Kendo is the traditional Japanese art of swordsmanship, and is translated literally as “the way of the sword”. Kendo practitioners are referred to as kendoka or kenshi.
Kendo is regularly practiced to discipline the human character by applying the principles of the Japanese sword (katana). The purpose is to mold both the body and mind, while cultivating a strong spirit.
The practice of Kendo comes with a variety of physical challenges that could lead to injuries. These challenges come from various factors such as practicing on hard wooden floors, repetitive movements, inadequate post training cool down, use of additional equipment, and ignorance to of minor injuries.
Through the practice of swinging the bamboo sword (shinai), repetitive overhead movement of the shoulder may easily occur more than 500 times within a standard 2 hour training session. Such repetitive movement may cause inflammation of muscles, tendons, bursa, ligaments and other structures when the kendoka does not possess good control of the shoulder or have proper technique. Rotator cuff muscles perform the control of the shoulder blade, which requires specific strengthening program to ensure optimal movement of the shoulder.
Basic cutting practice known as Suburi is performed as much as a 1000 times a session. Suburi places the elbow in extreme stress, especially the wrist extensors, with a high frequency of big angular changes on top of the quick gripping movement (tenouchi) at the end of suburi. This therefore may lead to tennis elbow, scientifically known as extensor tendinopathy, which has been shown to be a degenerative condition of the elbow extensors.

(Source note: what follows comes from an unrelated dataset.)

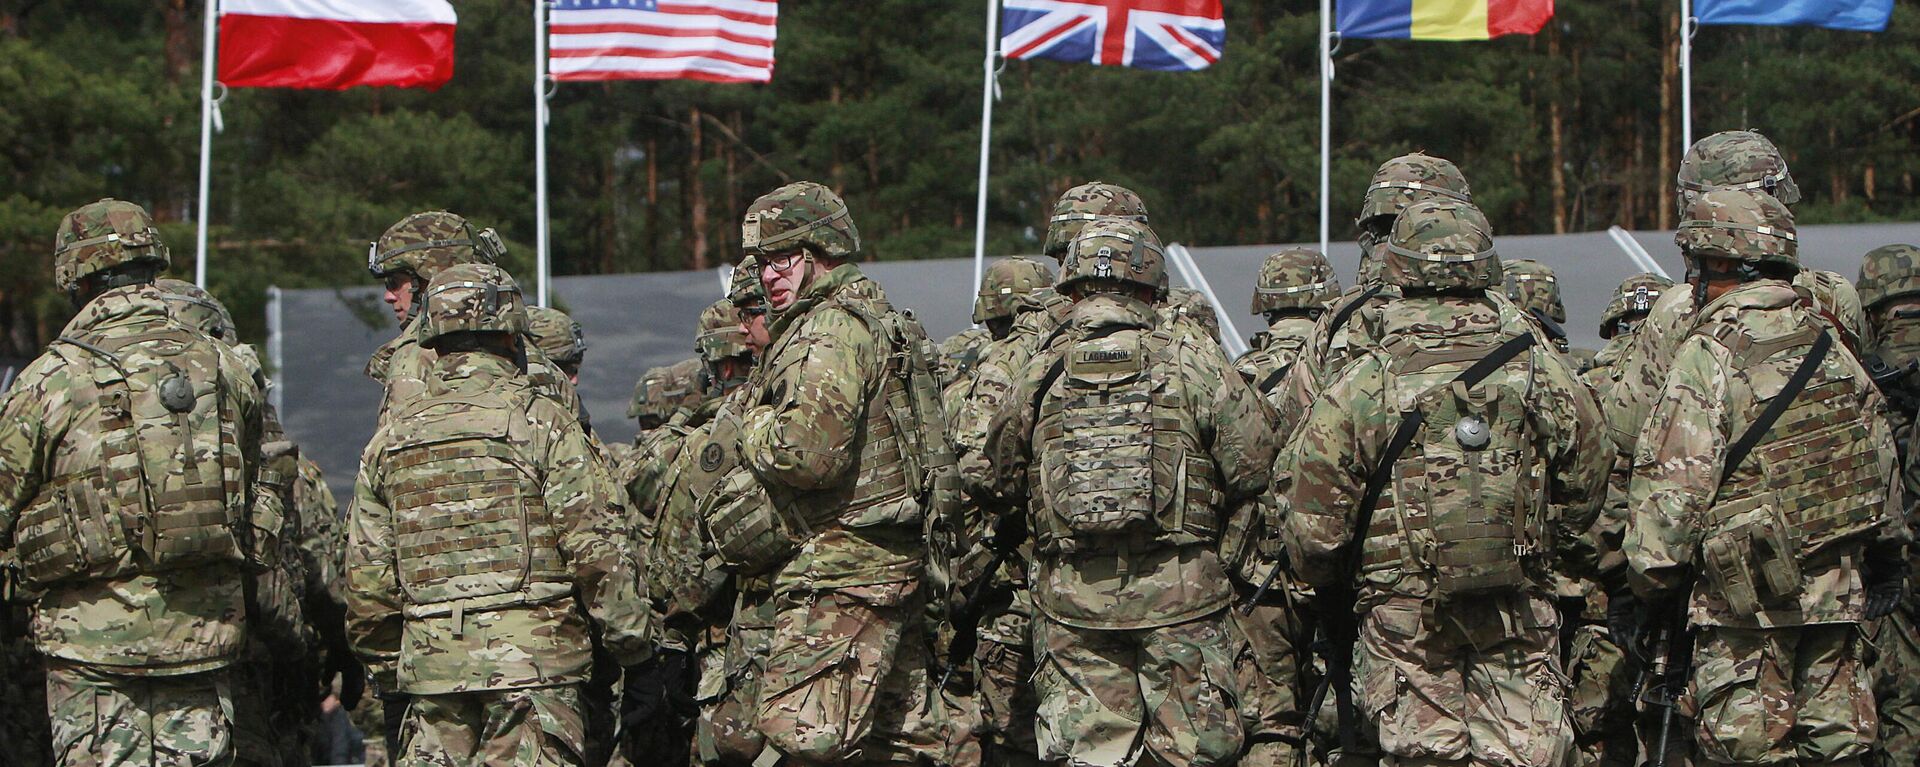 US troops, part of a NATO mission to enhance Poland's defence, are getting ready for an official welcoming ceremony in Orzysz, northeastern Poland, Thursday, April 13, 2017 - Sputnik International, 1920, 29.03.2024

Suburi also causes repetitive stress on the structures within the wrist (Itadera et al., 2001). Additionally, direct blows are received during practice and competitive matches into the wrist joints, which may lead to traumatic and overuse injuries of the wrist.
Low Back Pain
The incidence of low back pain is very high in kendoka, mainly due to the shear stress at the intervertebral joint of the third and fourth levels, as well as the facet joints (Kishi et al., 2009). The activation of core muscles is very important in the prevention of low back pain.
Ankle and Foot Pain
Kendokas have a high risk of problems in their arches and feet – high as 83.3% – but are usually not seen in athletes with less than three years of training experience (Kishi et al., 2002). The right foot stamping action, fumikomi ashi, can occur up to 400 times within a session, and each time the foot hits the floor, it receives an impact that is up to four times body weight (Nunn et al., 1997). Kendokas are at high risk of repetitive strain injury to the foot, such as plantar fascitis, an inflammation of the fascia.
What can be done?
Warm ups are important as part of injury prevention and performance optimization with delayed onset muscle soreness (DOMS) being very common post kendo training. Warm ups need to include dynamic stretching, as static stretching has been shown to impair Kendo practice.
Cool downs and stretching
Adequate cool down and stretching helps to reduce heart rate and promote recovery to return the body to a pre-exercised level. They also help to reduce soreness, increase flexibility and minimize injury rates.
Functional Core and Body Biomechanics
Strong core muscles and optimal body biomechanics are essential in the practice of Kendo, to allow optimal energy transfer and stability throughout the movement. A strong core means a strong body foundation; the foundation for all Kendo movement. A functional core with optimal body biomechanics that supports your body when practicing Kendo will help to improve your Kendo performance while minimizing injuries.
Functional range, strength and conditioning
It is important to maintain optimal muscle extensibility and muscle strengths for the practice of Kendo. Specific stretching and the implementation of a strengthening program that is tailored to each individual will help prevent injuries from affecting your training regimes.
… and most importantly… NEVER IGNORE MINOR INJURIES.
List of References
Itadera, E., Ichikawa, N., Hashizume, H., & Inoue, H. (2001). Stress fracture of the ulnar styloid process in kendo player – a case report. Hand Surgery, 6:109-111.
Kishi, S., Yoshikawa, N., Chiba, S., Kashiwagi, M., Wada, T., Sakai, N., Sumiya, H., Fujiwara, M., & Hirohashi, K. (2002). A study of the lower leg and foot pains in kendo athletes – influence of kendo steps on the foot arch in a certain growth period. Japanese Journal of Clinical Sports Medicine, 10(1): 82-89.
Kishi, S., Ikuhiro, M., Kyosuke, T., Tsuyoshi., Y., & Toshiaki, S. (2009). Factors responsible for lower back pain in kendo practitioners. Journal of Physical Therapy Science, 21(2): 147-154.
Nunn, N., Dyas, J., & Dodd, I. (1997). Repetitive strain injury to the foot in elite women kendoka. British Journal of Sports Medicine, 31:68-69.